I have list of words in text variable with their labels. I like to make a classifier that can predict the label of new input text.
I am thinking of using scikit-learn package in Python to use SVM model.
I realize that the text need to be corverted to vector form so I am trying TfidfVectorizer and CountVectorizer.
This is my code so far using TfidfVectorizer:
from sklearn import svm
from sklearn.feature_extraction.text import TfidfVectorizer
label = ['organisasi','organisasi','organisasi','organisasi','organisasi','lokasi','lokasi','lokasi','lokasi','lokasi']
text = ['Partai Anamat Nasional','Persatuan Sepak Bola', 'Himpunan Mahasiswa','Organisasi Sosial','Masyarakat Peduli','Malioboro','Candi Borobudur','Taman Pintar','Museum Sejarah','Monumen Mandala']
vectorizer = TfidfVectorizer(min_df=1)
X = vectorizer.fit_transform(text)
y = label
klasifikasi = svm.SVC()
klasifikasi = klasifikasi.fit(X,y) #training
test_text = ['Partai Perjuangan']
test_vector = vectorizer.fit_transform(test_text)
prediksi = klasifikasi.predict([test_vector]) #test
print(prediksi)
I also try the CountVectorizer with same code above. Both showing the same Error result:
ValueError: setting an array element with a sequence.
How to solve this problem? Thanks
The error is due to this line:
prediksi = klasifikasi.predict([test_vector])
Most scikit estimators require an array of shape [n_samples, n_features]
. The test_vector
output from TfidfVectorizer is already in that shape ready to use for estimators.
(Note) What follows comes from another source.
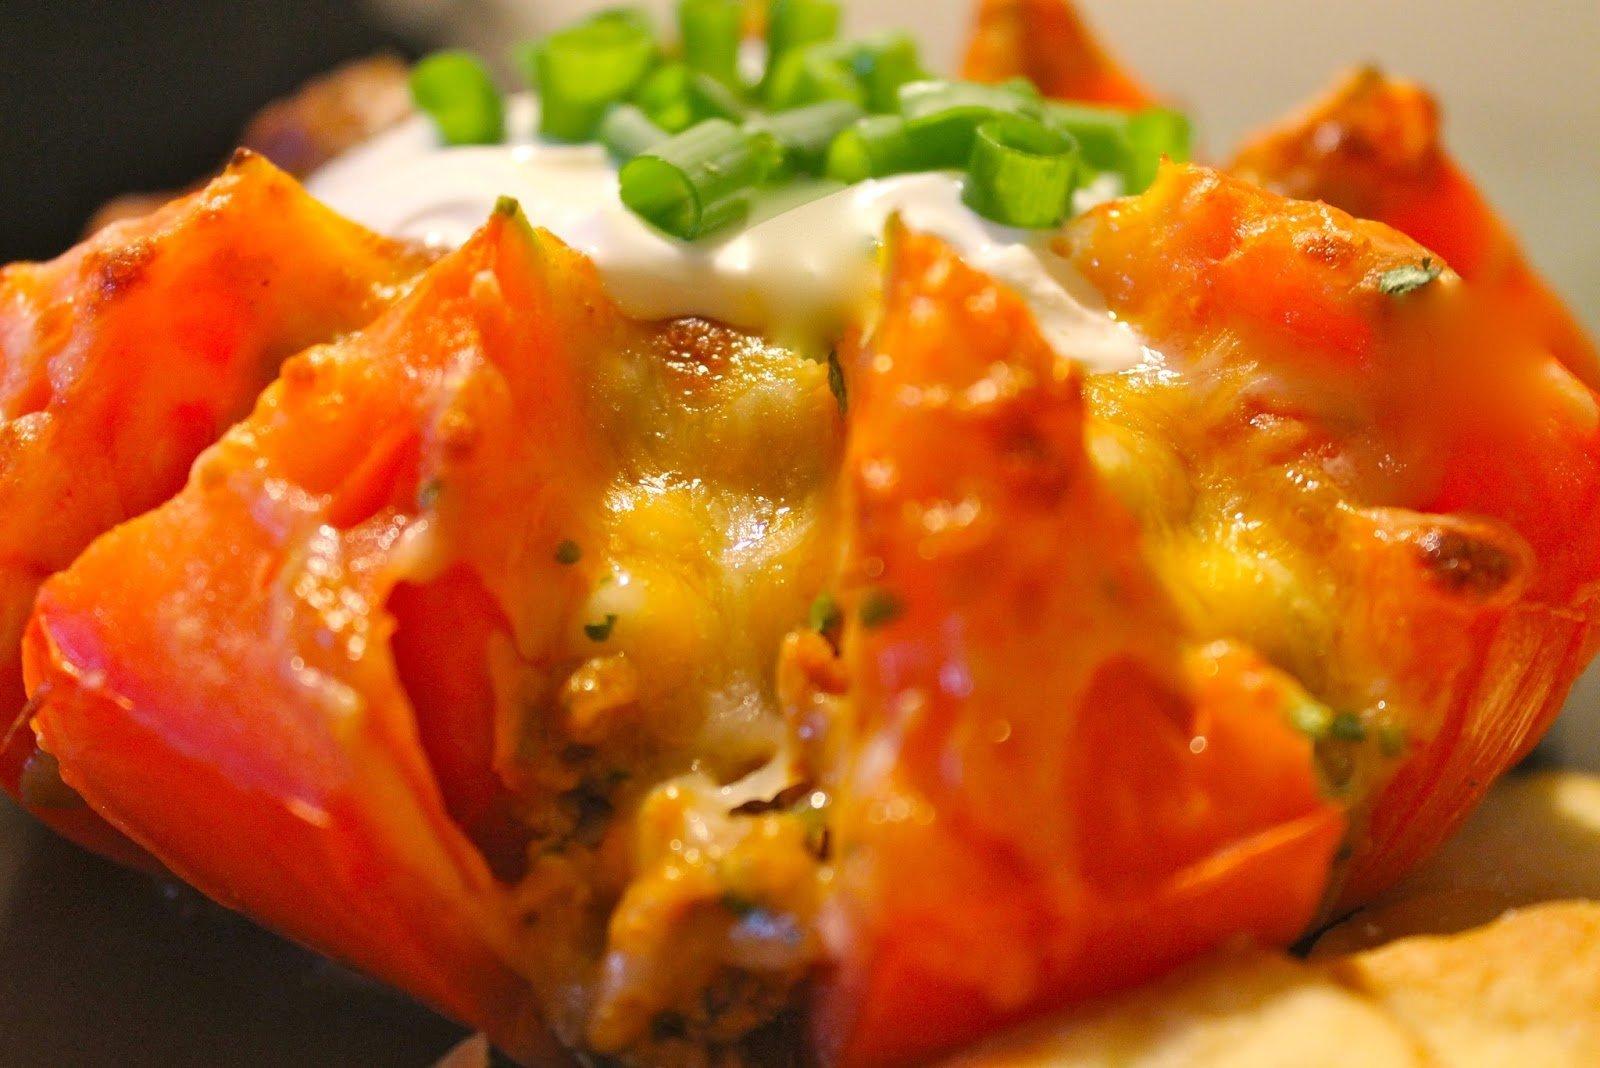 Let's Cook: Oven-Roasted Tomato Burrito

You don't need to wrap it in square brackets ([
and ]
). The wrapping makes it a list which is unsuitable.
Try using it like this:
prediksi = klasifikasi.predict(test_vector)
But even then you will gt error. Because of this line:
test_vector = vectorizer.fit_transform(test_text)
Here you are fitting the vectorizer in a different way than what was learned by the klasifikasi
estimator. fit_transform()
is just a shortcut for calling fit()
(learning the data) and then transform()
it. For test data, always use transform()
method, never fit()
or fit_transform()
So the correct code will be:
test_vector = vectorizer.transform(test_text)
prediksi = klasifikasi.predict(test_vector)
#Output: array(['organisasi'], dtype='|S10')